> DATASET EXTRACT
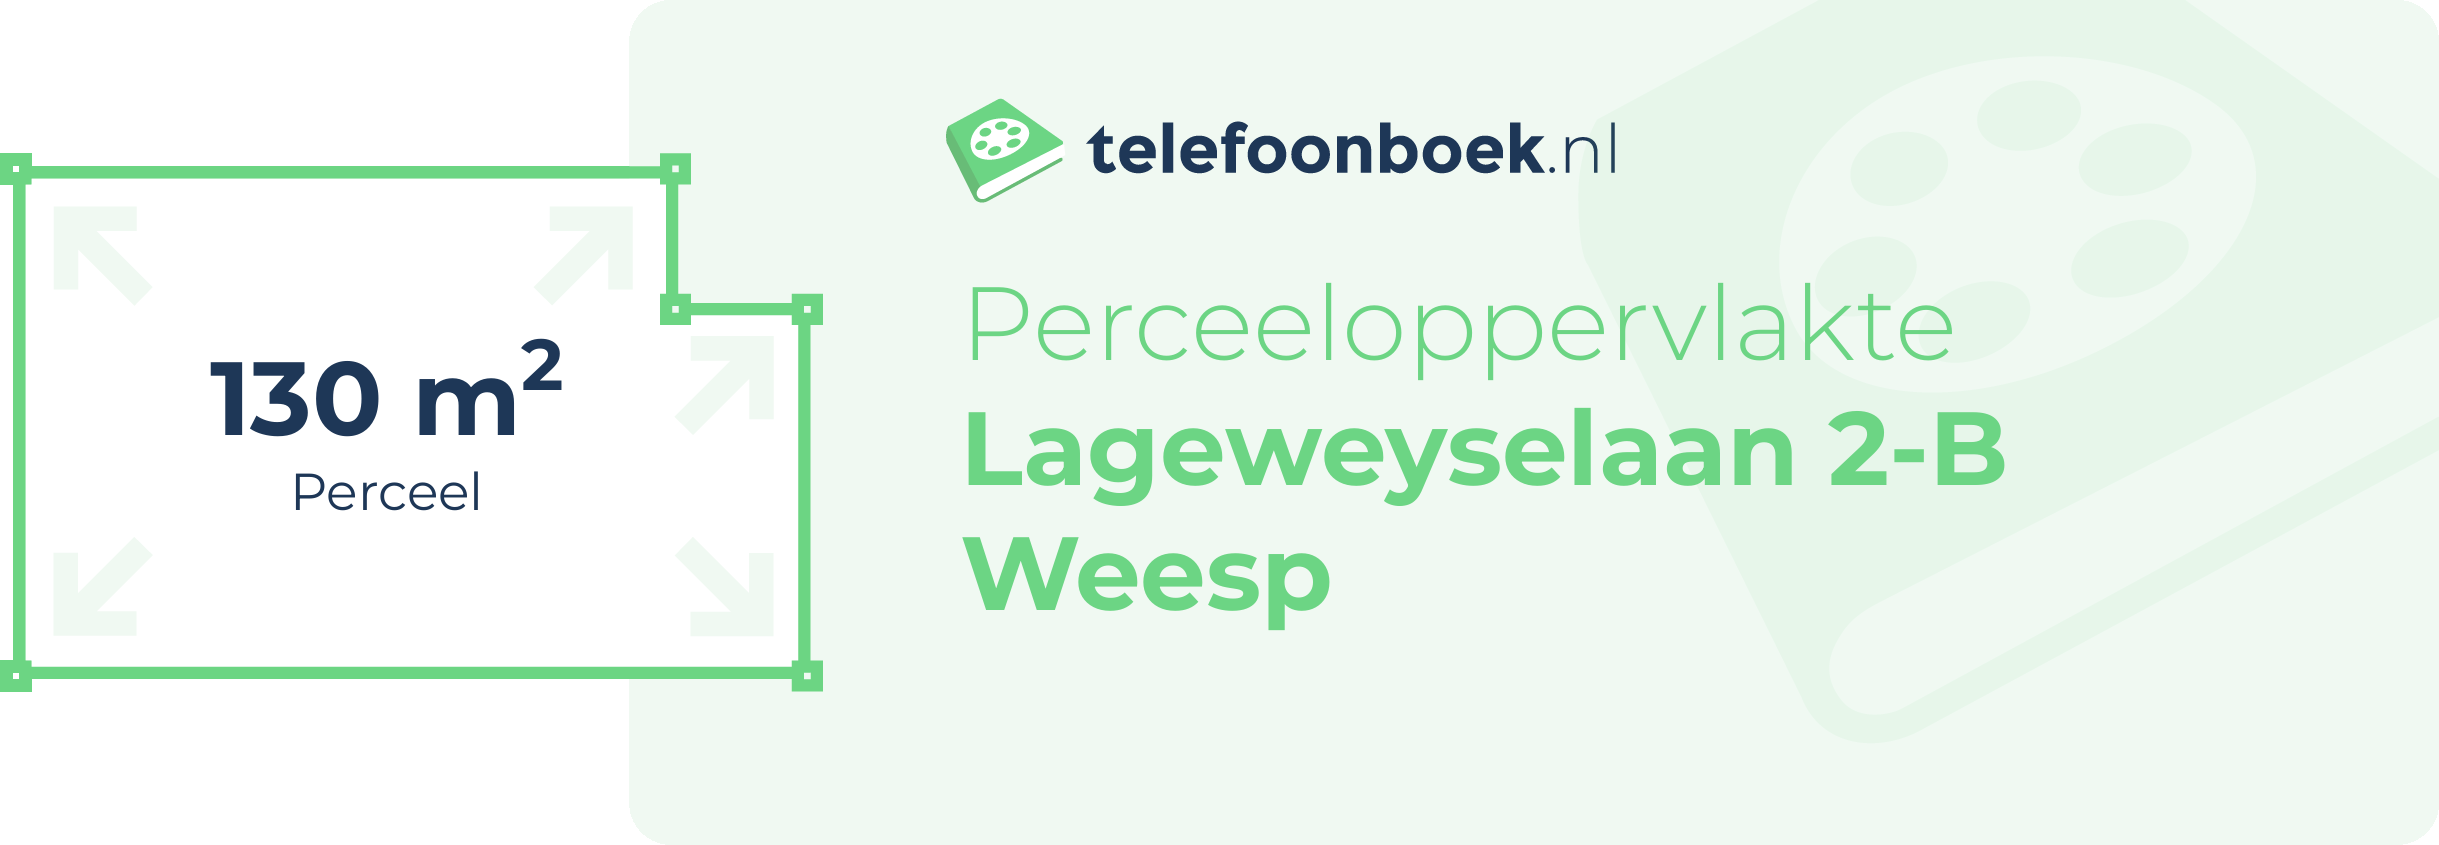 Perceeloppervlakte Lageweyselaan 2-B Weesp
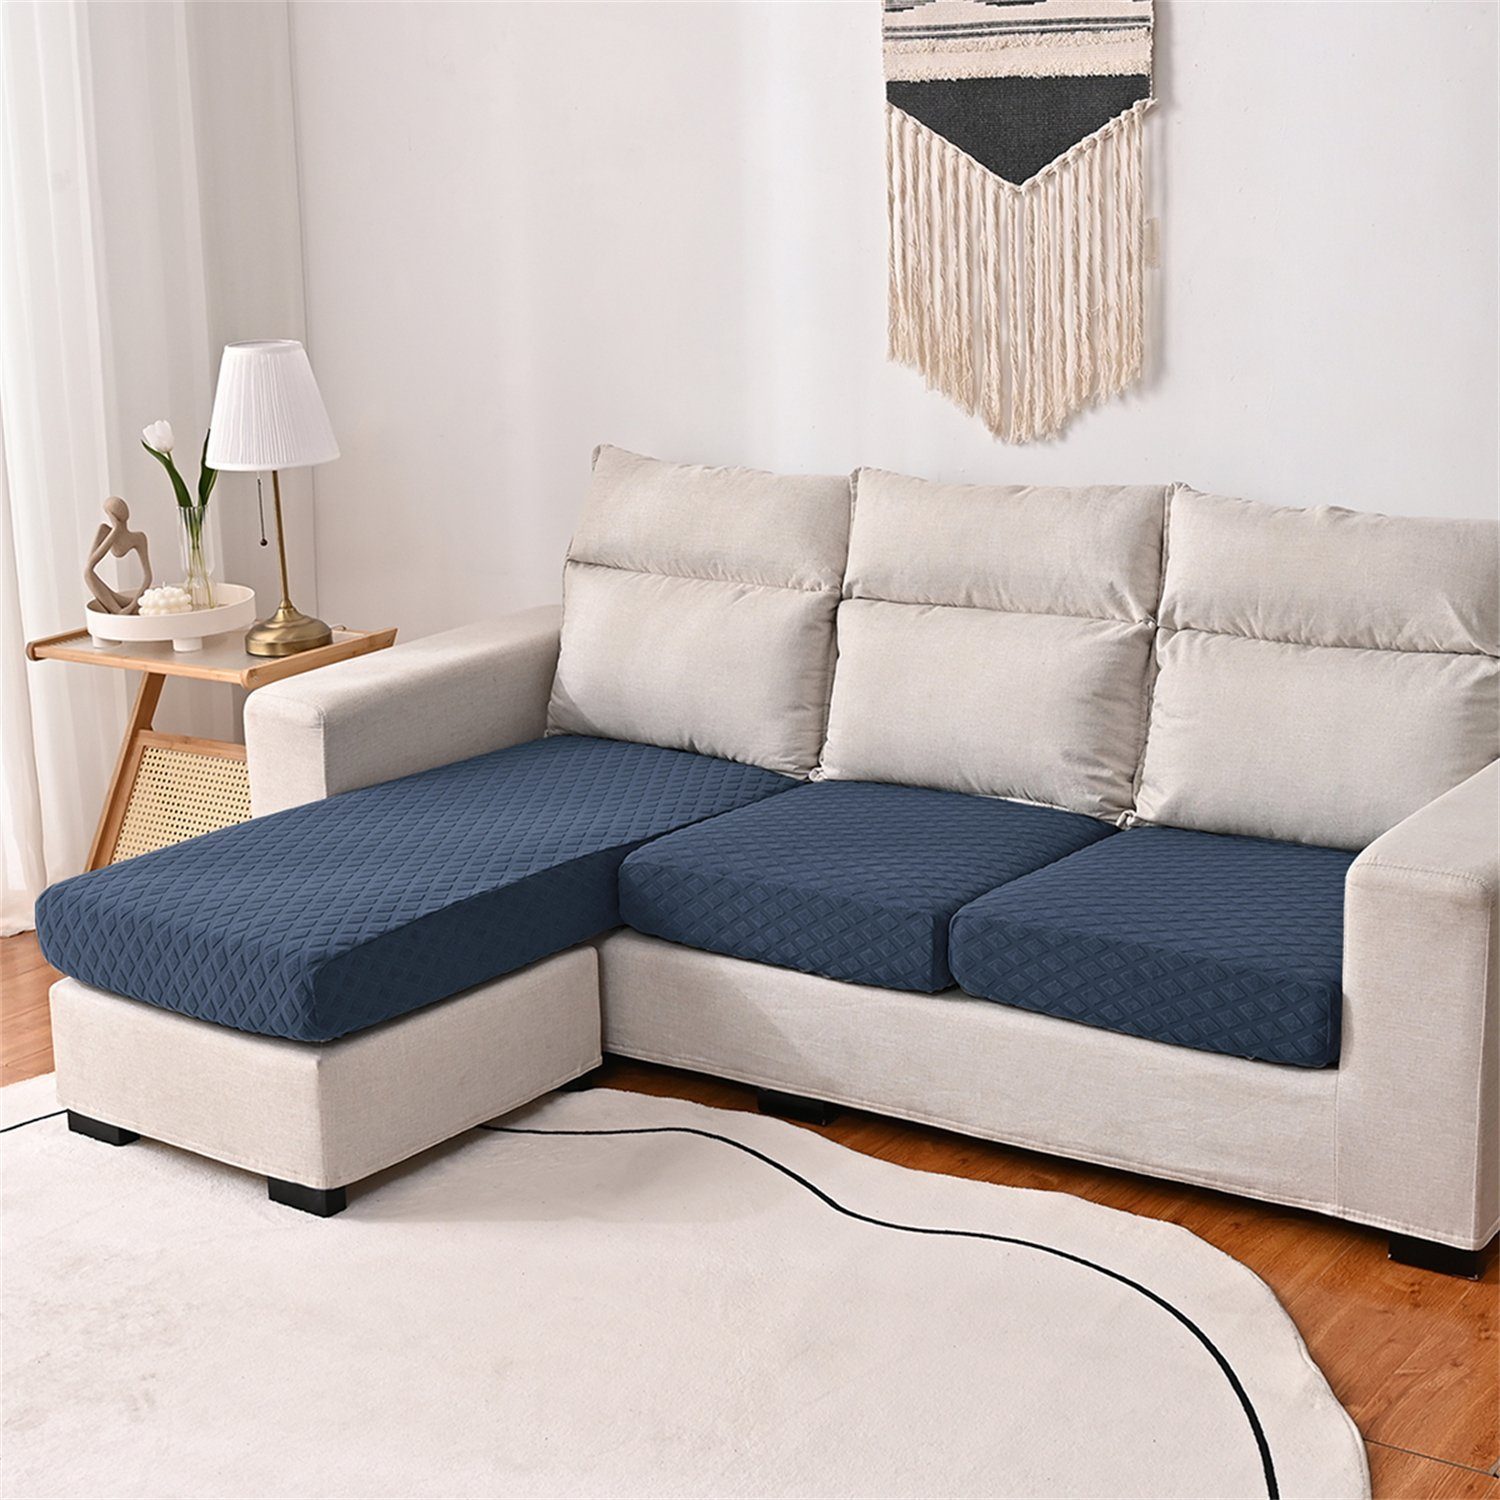 3DMuster Sofa-Sitzbezug wasserfest HOMEIDEAS, elastischer mit Navy Sofahusse, Blau
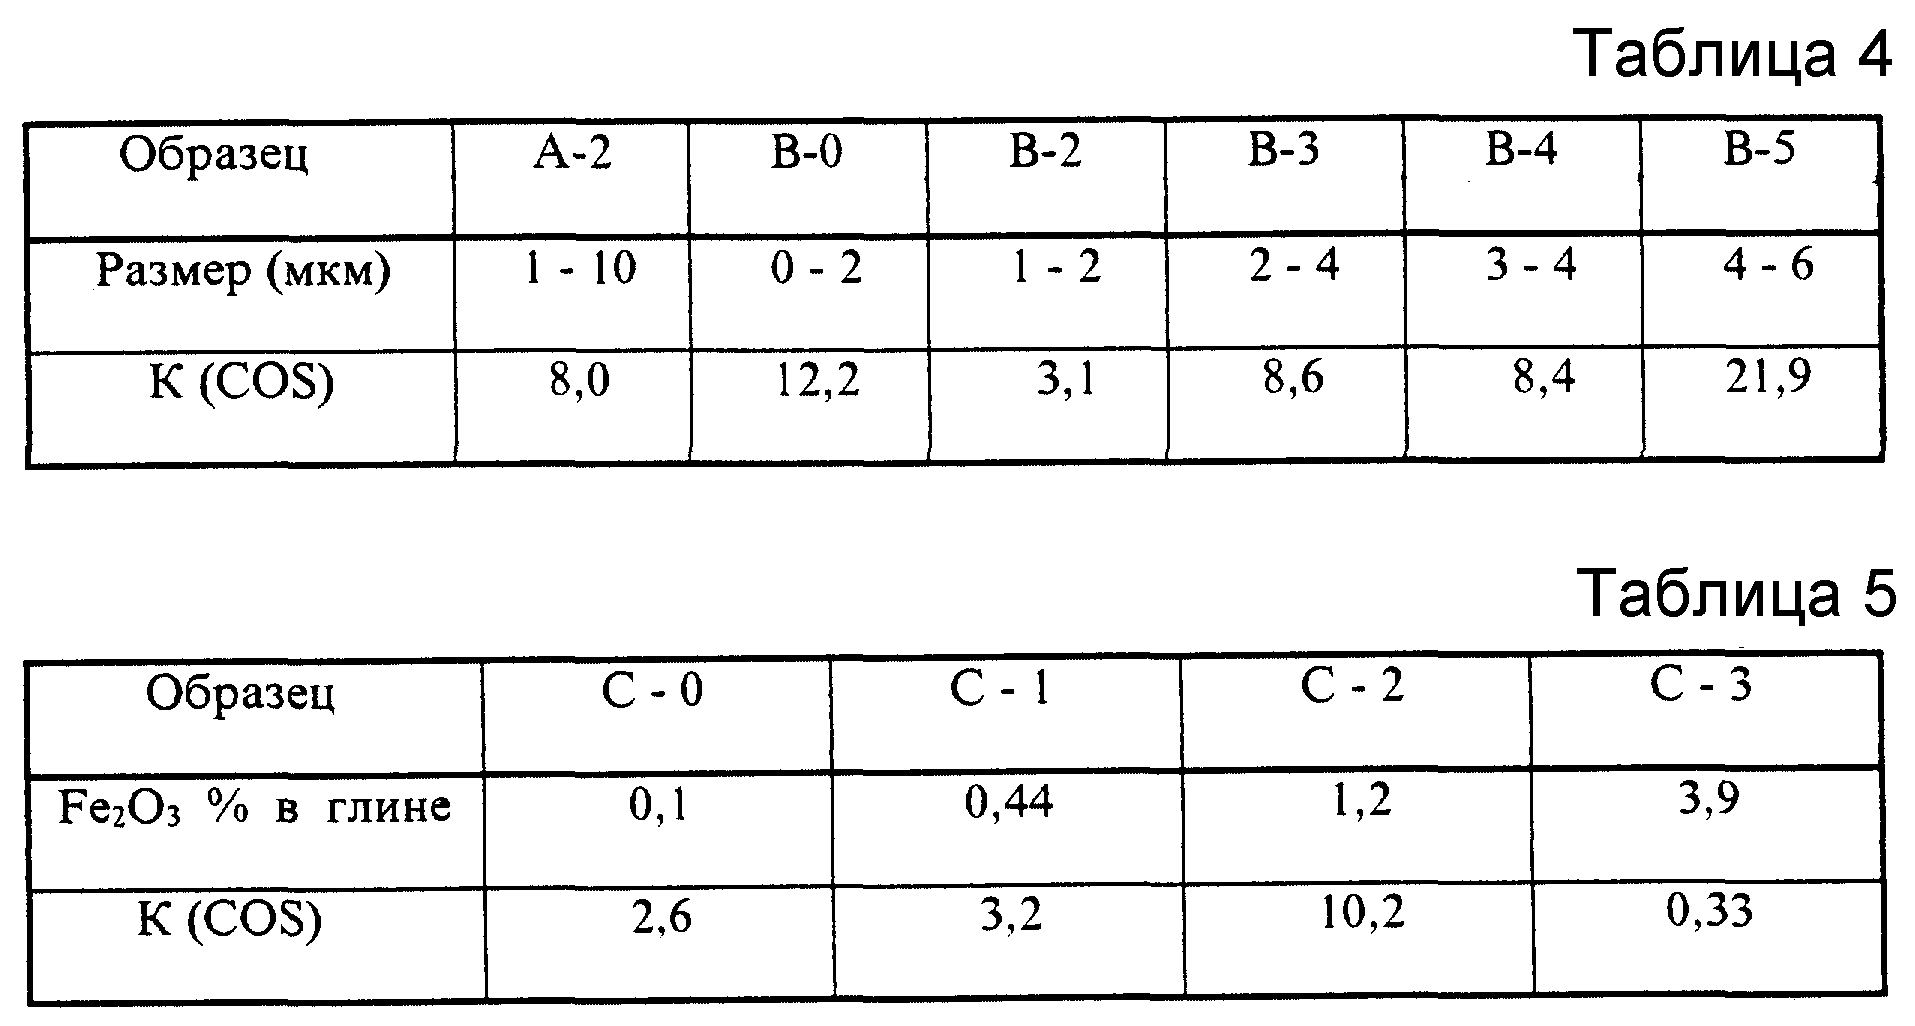 Таблица cos. Cos таблица размеров. Cos Размерная сетка. ГАЗ обработка таблиц 2 5. Co таблица работ.

> EXERCISE DESCRIPTION
Repeat the listing exactly, minus its pictures.

> EXERCISE OUTPUT
 Perceeloppervlakte Lageweyselaan 2-B Weesp
 3DMuster Sofa-Sitzbezug wasserfest HOMEIDEAS, elastischer mit Navy Sofahusse, Blau
 Таблица cos. Cos таблица размеров. Cos Размерная сетка. ГАЗ обработка таблиц 2 5. Co таблица работ.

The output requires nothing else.